Moreover, defendant never claimed that he made a request for counsel prior to or during his interrogation. He never claimed he made a request for medical treatment for his dog bite before speaking to the police, much less that such a request was denied. He never presented any medical proof to substantiate a claim that his wounds were medically significant, something that could have been easily accomplished by securing the records of the treatment he acknowledged he received after the statement was given. In short, on any of these points, defendant has failed to establish a prima facie case that his trial counsel was ineffective.

We also disagree with the argument raised by defendant's second point. The claim that the evidence produced before the grand juries was hearsay or false is one that clearly should be raised before trial. R. 3:10-2(c). Even if defendant could demonstrate good cause for the late challenge, which he has not, the issue could have been presented on defendant's direct appeal. Since it was not, it is barred by Rule 3:22-4, and defendant has failed to demonstrate entitlement to any of the exceptions provided in that rule. Although not relied upon by the judge, we would also note that defendant's petition in this regard was time-barred by Rule 3:22-12(a), having been filed more than five years after he was sentenced.
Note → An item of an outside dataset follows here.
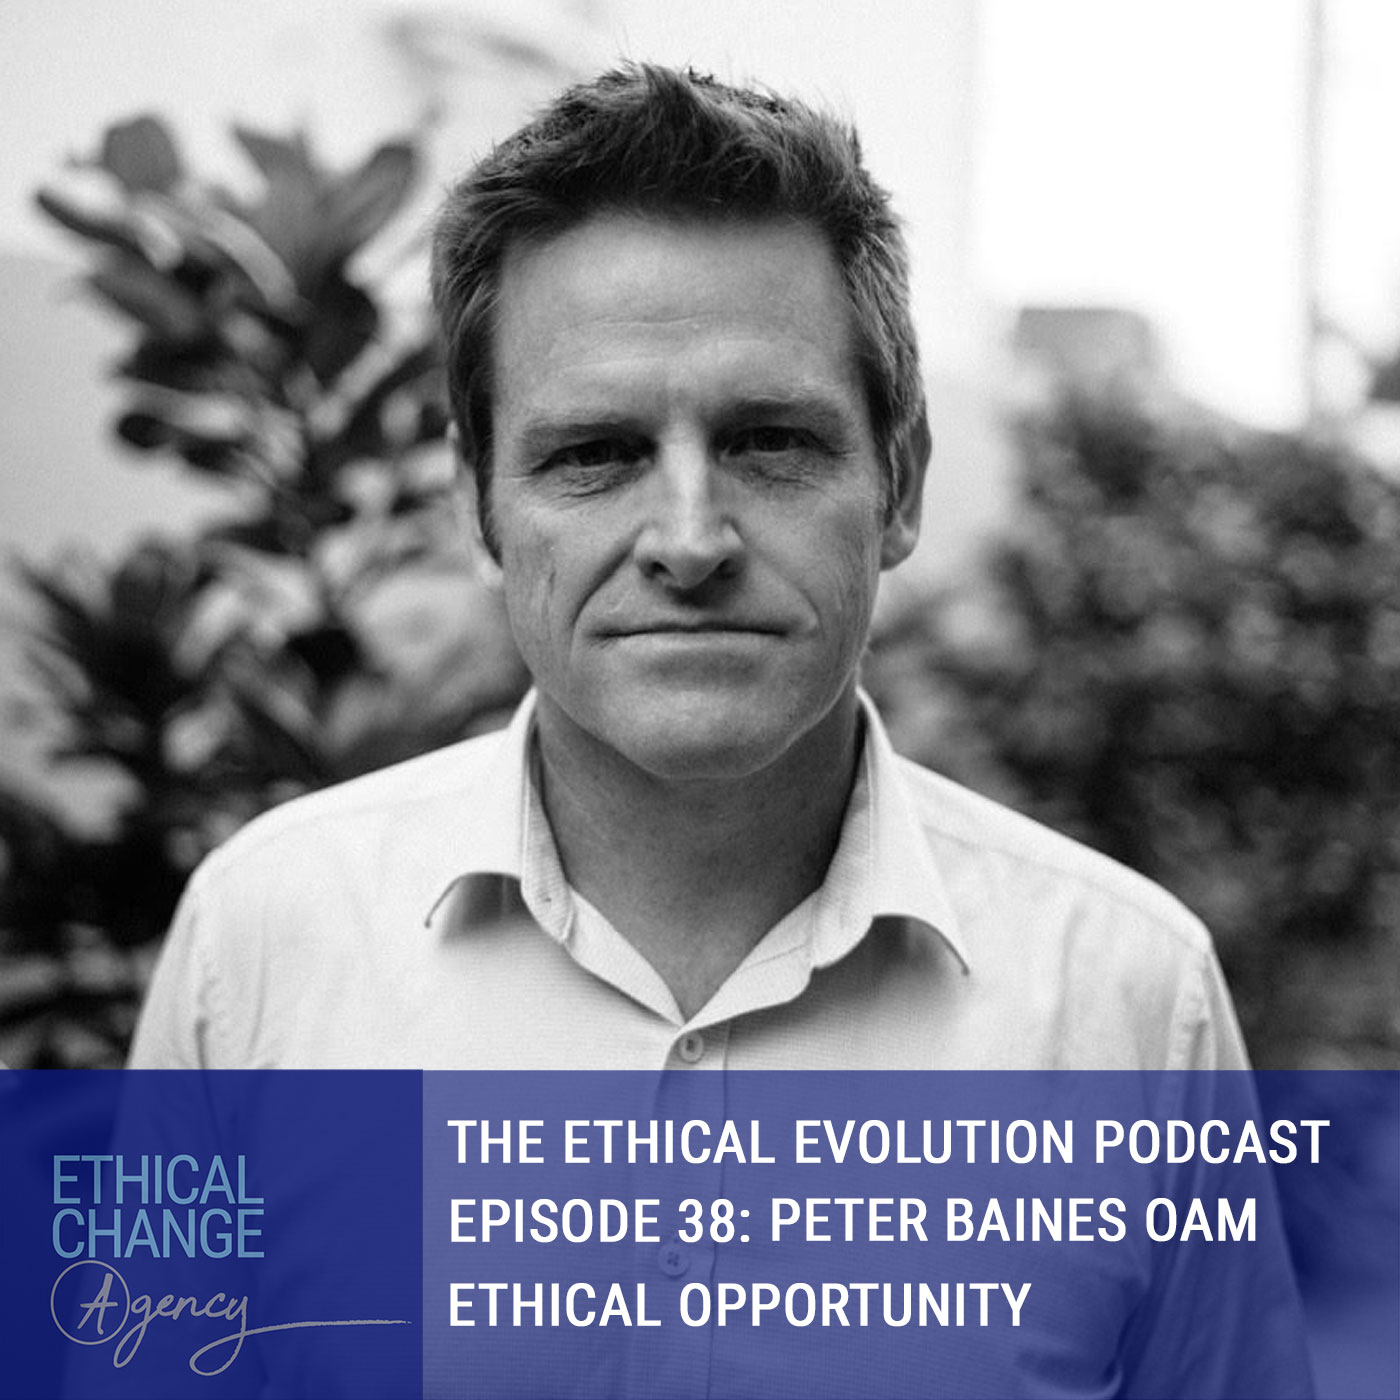 Artwork for podcast The Ethical Evolution Podcast

To the extent defendant now argues his trial counsel was ineffective for failing to move to dismiss the indictment on these grounds, we note first that the issue was never raised below in either defendant's pro se or PCR counsel's briefs. Nevertheless, we entirely concur with the result reached by Judge Neafsey on the merits of the claim. Defendant produced no proof that the grand jury testimony was false, and it is axiomatic that an indictment may be returned solely upon the presentation of hearsay evidence. State v. Holsten, 223 N.J. Super. 578, 585 (App. Div. 1988).

Much of what we have already said applies to defendant's final point, that his interrogation took place in violation of his right to counsel under Sanchez. That claim was procedurally barred because defendant never raised the issue at trial or on direct appeal. His petition was filed more than five years after his conviction. Lastly, on its merits, the claim is unavailing. Defendant was interrogated on only one occasion by members of the Middlesex County and Monmouth County law enforcement agencies. He was not indicted until well after his statement was given. Sanchez simply does not apply.